Für Bernd Willing ein Puzzle, in dem alle Teile wie von selbst an den richtigen Platz schnappen. Die skatkartenförmige Vegetationsmarke eines Römerlagers ist auf Luftaufnahmen von Lödderitz deutlich zu sehen. Die Elbe ist in der Nähe. Die Entfernung stimmt. Ist das also der Ort, an dem Tiberius lagerte? "Wenn ja", sagt Willing, "markieren die Aufzeichnungen darüber das Heraustreten unserer Region aus dem vorgeschichtlichen Dunkel - vor genau 2 000 Jahren".

Einigkeit über den genauen Ort des Treffens aber herrscht nicht in der diskussionsfreudigen Römer-Gemeinde. Lödderitz hat Konkurrenz, weil niemand weiß, von wo aus Velleius seine 400 Meilen zählte. "Es könnte hier sein", sagt Willing ganz realistisch, "oder eine Flussbiegung weiter." Die Schwierigkeit liege darin, dass der heutige Kenntnisstand über das Germanien der Römerzeit "beschämend gering" sei. "Wir wissen nicht mal, ob der ,Salas' der Römer die Saale meint."

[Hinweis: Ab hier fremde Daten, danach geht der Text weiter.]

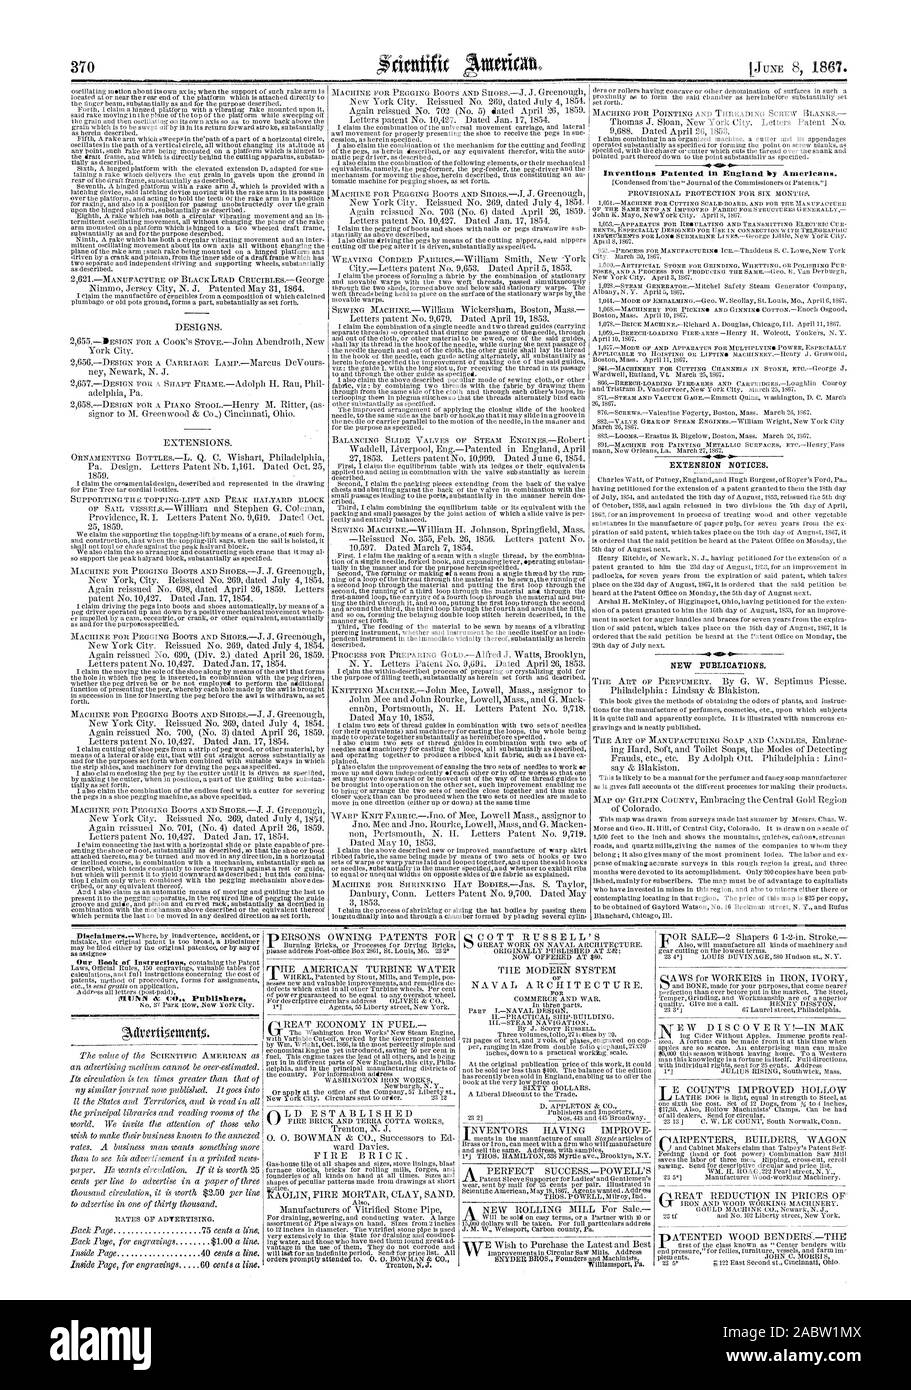 Avvisi di estensione. Nuove pubblicazioni., Scientific American, 1867-06-08 Foto Stock

Nicht das einzige Problem, mit dem die Römer-Forscher zu kämpfen haben. Es fehlt an Beweisen, an greifbaren, anfassbaren - nicht nur in Lödderitz. "Leider ist bis heute auf dem ganzen Gebiet der Ex-DDR nicht ein einziges Römerlager archäologisch nachgewiesen worden", klagt Bernd Willing. Obwohl sie da sein müssen, die Lager, weil die Legionen auf ihrem Marsch natürlich regelmäßig rasten mussten.

Jubiläum ohne Feier

Doch das ist lange her. Und niemand sucht so richtig danach. Zu DDR-Zeiten habe aus politischen Gründen kein Interesse bestanden, die Spuren der Römer zu finden, klagt Willing. Heute dagegen ständen Augustus und Germanicus im Schatten von Entdeckungen aus Bronze- und Eisenzeit.

Selbst das 2 000. Jubiläum der Ersterwähnung der Region in den Geschichtsbüchern mag deshalb niemand im Lande feiern. Zu Bernd Willings großem Kummer reagierten weder die alarmierte Landesregierung noch lokale Politiker auf die Anregung, den Anlass doch dafür zu nutzen, "ein bisschen für unser Land zu trommeln."

Statt dass sich die Menschenmassen im nachgebauten Römerlager gegenseitig auf die Sandalenfüße treten, wächst also weiter Gras über die Geschichte. Doch zwei Landvermesser ziehen dieser Tage übers Feld bei Lödderitz, um Baufreiheit für den neuen Elbedeich zu schaffen, der nächstes Jahr entstehen soll. Für Bernd Willing die beste Nachricht seit langem: "Vielleicht", hofft er, "finden wir ja dann echte Beweise."